Figure 8 illustrates why amenorrhea occurs in women with Kallmann syndrome. Amenorrhoea occurs because there is no LH or FSH produced by pituitary and therefore the ovaries cannot manufacture the required amounts of oestrogen and progesterone.

As with males a very small amount of oestrogen is produced by the adrenal glands but this normal not sufficient for the normal working of the body. With these extremely low hormone levels (progesterone in particular), the uterus cannot work properly because its active layer (endometrium) fails to thicken.

The lack of menstruation can be corrected with the use of hormone replacement therapy. Several different types of therapy are available on the NHS and in almost all cases, the normal menstrual cycle can be simulated as closely as possible for as long as treatment is given. If treatment is stopped though, the menstrual cycle can no longer be maintained and amenorrhoea eventually returns. Hormone replacement therapy is discussed in more detail later in the answers to Questions 19 and 24.

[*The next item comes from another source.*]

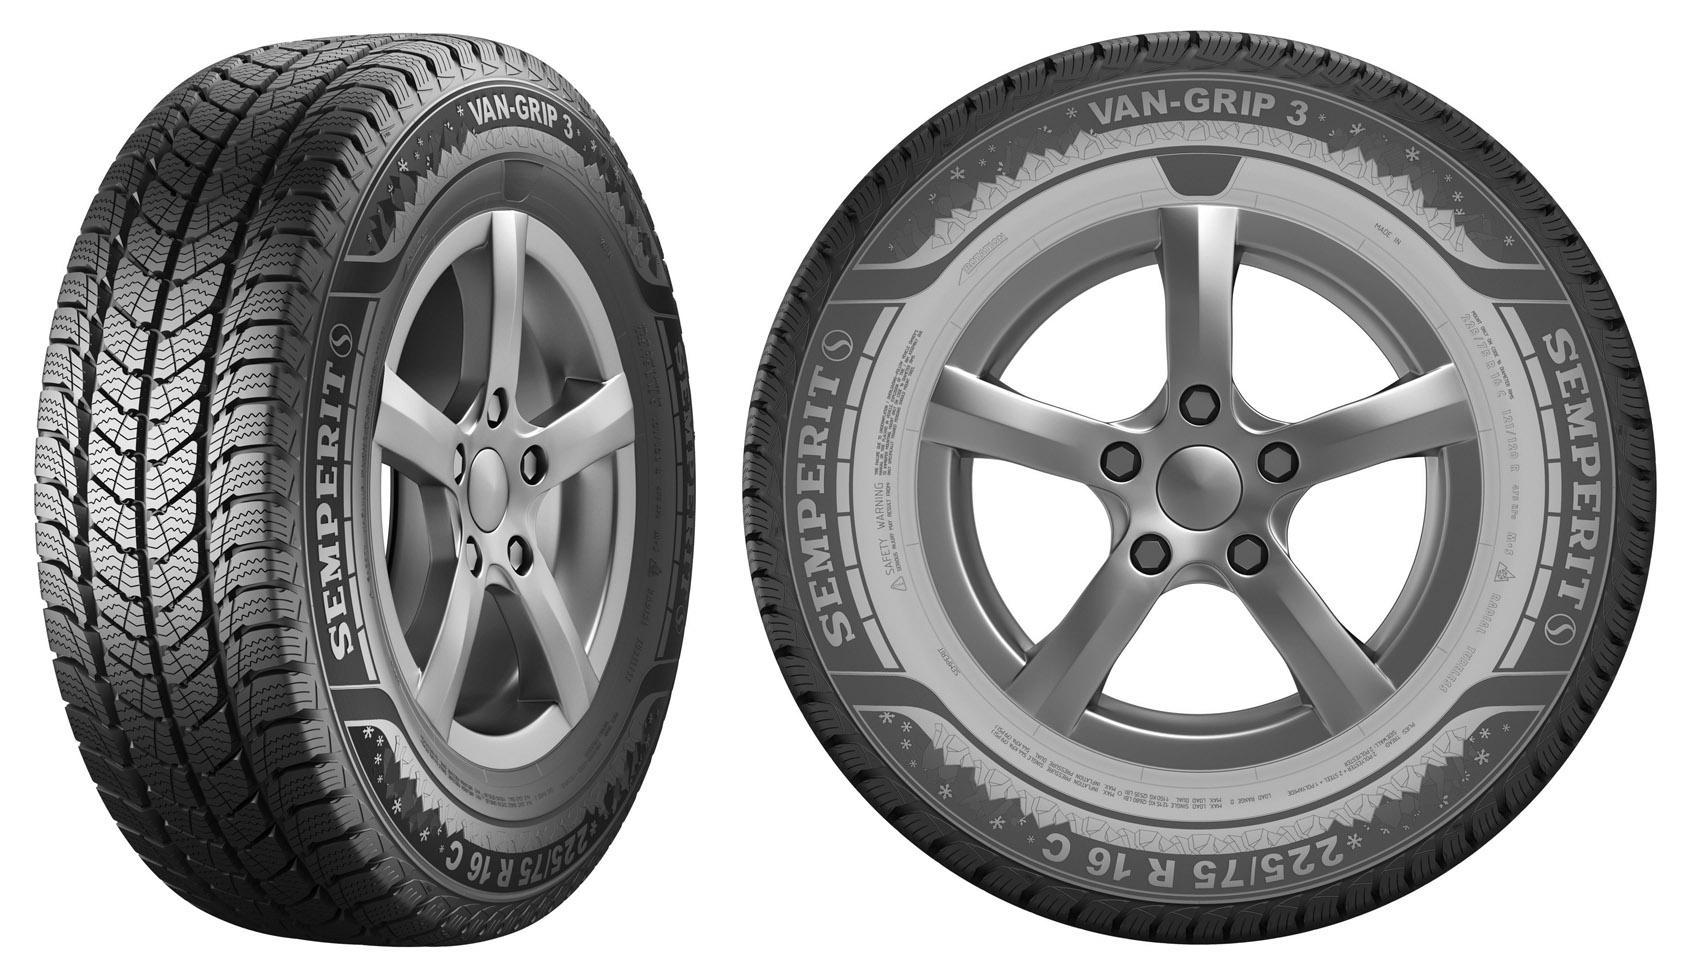 Компания Semperit пополнила свой ассортимент новой зимней шиной для автофургонов

Initial treatment for younger women with Kallmann syndrome is often with oestrogen only to allow the full development of the secondary sexual characteristics. Only later is progesterone added to allow for the healthy development of the uterine lining.

Sometimes women are prescribed the combined oral contraceptive pill which contains both oestrogen and progesterone. A one week gap every month or three months allows the uterine lining to be shed to mimic a menstrual bleed.